We put the F in JFK
I didn’t have to go very far back to find the name Fitzgerald in my family closet. It’s Irish, I knew that. Luckily, Fitzgerald is one of those families which has been extensively traced. We put the F in John F. Kennedy after all.
The Fitzgeralds story started with Maurice, who was born in 1105, likely in Wales of Norman heritage. He was a Welsh Marcher, a post granted him by William the Conqueror to help secure the border between England and Wales.
The Fitzgeralds crossed over into Ireland to help the English conquer that country beginning in 1169. Once secured in Ireland, the Fitzgeralds set about becoming “more Irish than the Irish themselves.” Whenever the Irish would rebel against the British, the Fitzgeralds were there fighting the mother country. They inter-married with nobility all over Europe and when the Irish parliament meets today, it’s in a house built for a Fitzgerald.

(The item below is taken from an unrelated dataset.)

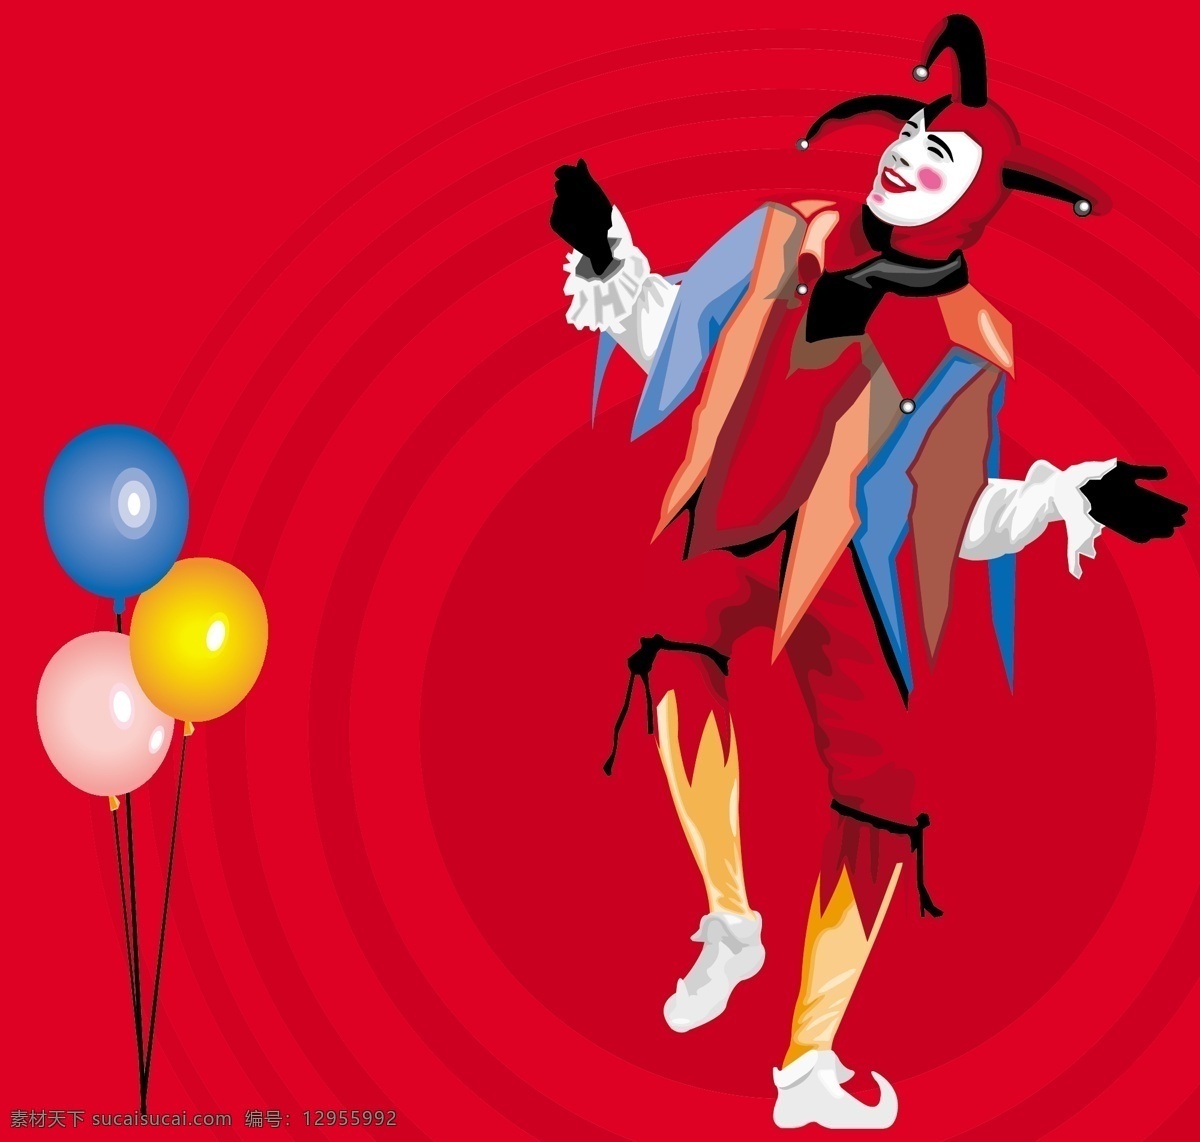 气球 小丑 矢量 欢乐 节庆 其他矢量图 矢量素材 矢量图 卡通 头像 卡通壁纸 桌面 家居装饰素材 壁纸墙画壁纸

Since Ireland was distinctly Catholic when the Fitzgeralds arrived, they likely wouldn’t have been directly exposed to Pagan practices. But the echoes would have been rippling still. Besides, the Fitzgeralds arrived from Wales, which also had a rich pagan tradition.
I was able to trace the Fitzgerald line to my line via a DNA test, and with records found on ancestry.com, I was also able to trace my Fitzgerald line back to Kildare, in the sixteenth century at least.
A few generations later and my branch of the family tree has withered into poor dirt farmers in the middle of a wilderness in southern Illinois. But it still blooms from time to time.
My great-great grandmother was Emma Fitzgerald, and there was no trace of wealth or nobility about that branch of the family. Then again, it was about a thousand years between William the Conquerer and my great-great granny, plenty of time for less successful branches to grow long as well. But at some point in the ancient past, my line connects with theirs.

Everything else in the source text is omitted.